In regard to the "cheapness" of COAL, look, you're not getting a light-up keyboard. It's 1986, and game show games with light-up functions are either the Quizzard in $OTC or those tiny lights running off a 9-volt in Electric Jeopardy, and both of those are toward the luxury end of the board game spectrum. A board with 27 responsive light-up keys would be prohibitively costly.
That said, the puzzle board itself was cheap. A wipe-off board with a crayon, and not even a couple of plastic legs to prop it up. Put that next to the standard Wheel of Fortune home game at the time, and it was easy to see which one would be more "worth" your $12.99 or whatever. Also, I don't think there was any play money included at all. I remember making my own for it.
Even with the cheap-outs in production, though? Still a fun game to play, which is more than can be said about a good number of others in this topic.

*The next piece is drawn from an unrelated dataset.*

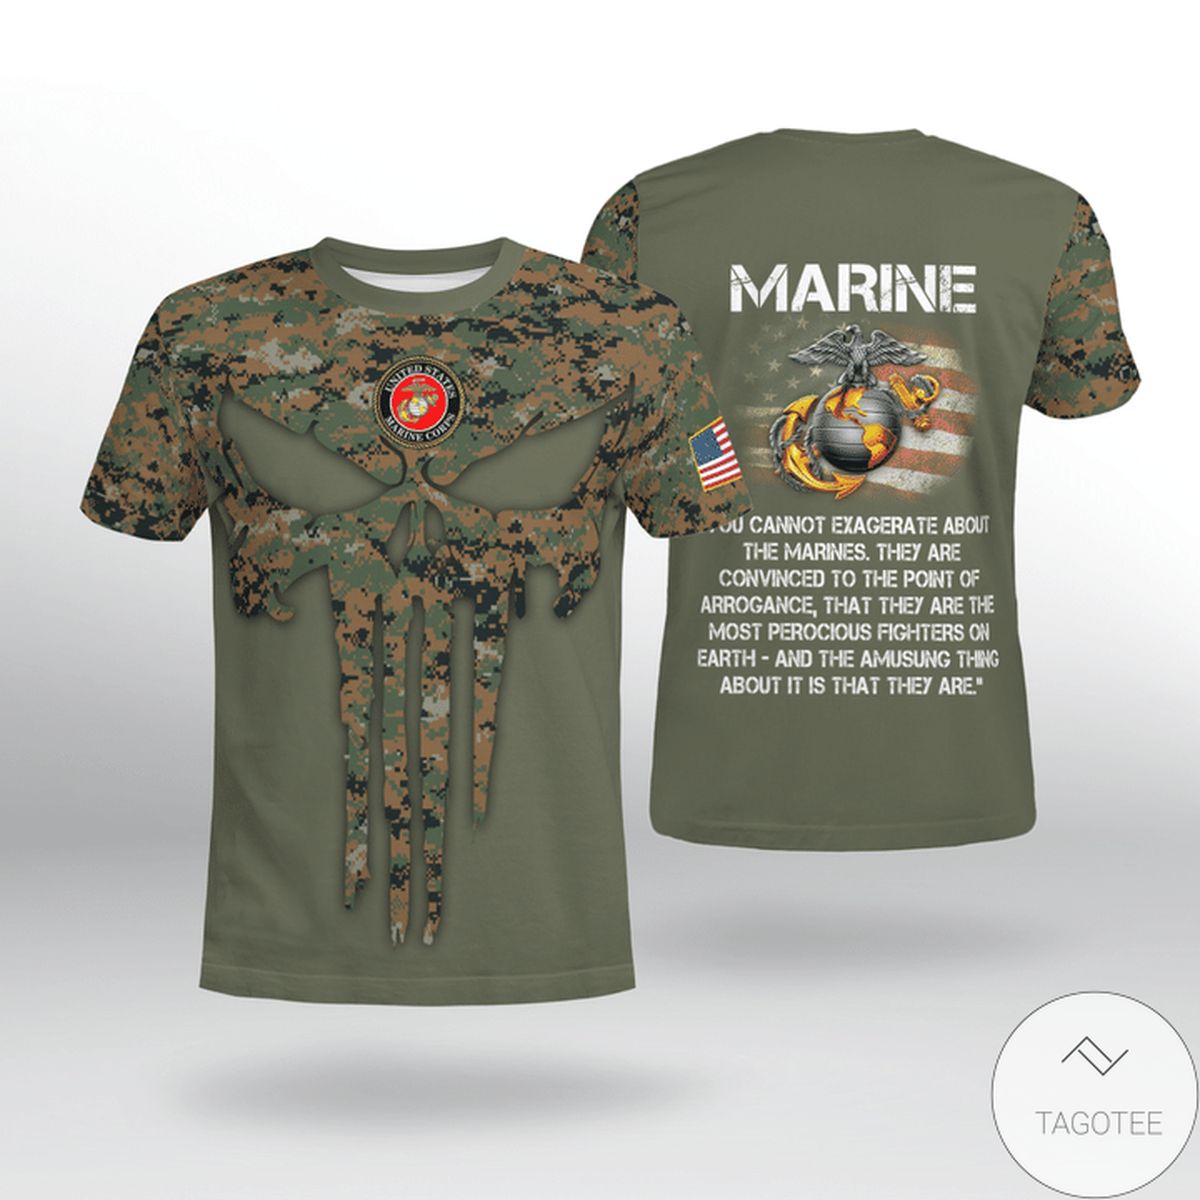 You Cannot Exaggerate About The Marines Shirt

Also, strangely, while COAL only got one "edition" of a home game, that appears to have been made with three different "versions" of the keyboard. There's the one pictured on the back of the box, with opaque plastic and the raised sliding letter "buttons." There's one where the plastic buttons get replaced with printed cardboard rectangles you punch out from a sheet. And there's a third that uses a flimsier, clear plastic to lay the cardboard letters on, which is the version I got as a kid. Search for the game on eBay and you'll see the differences in the listings pretty quickly.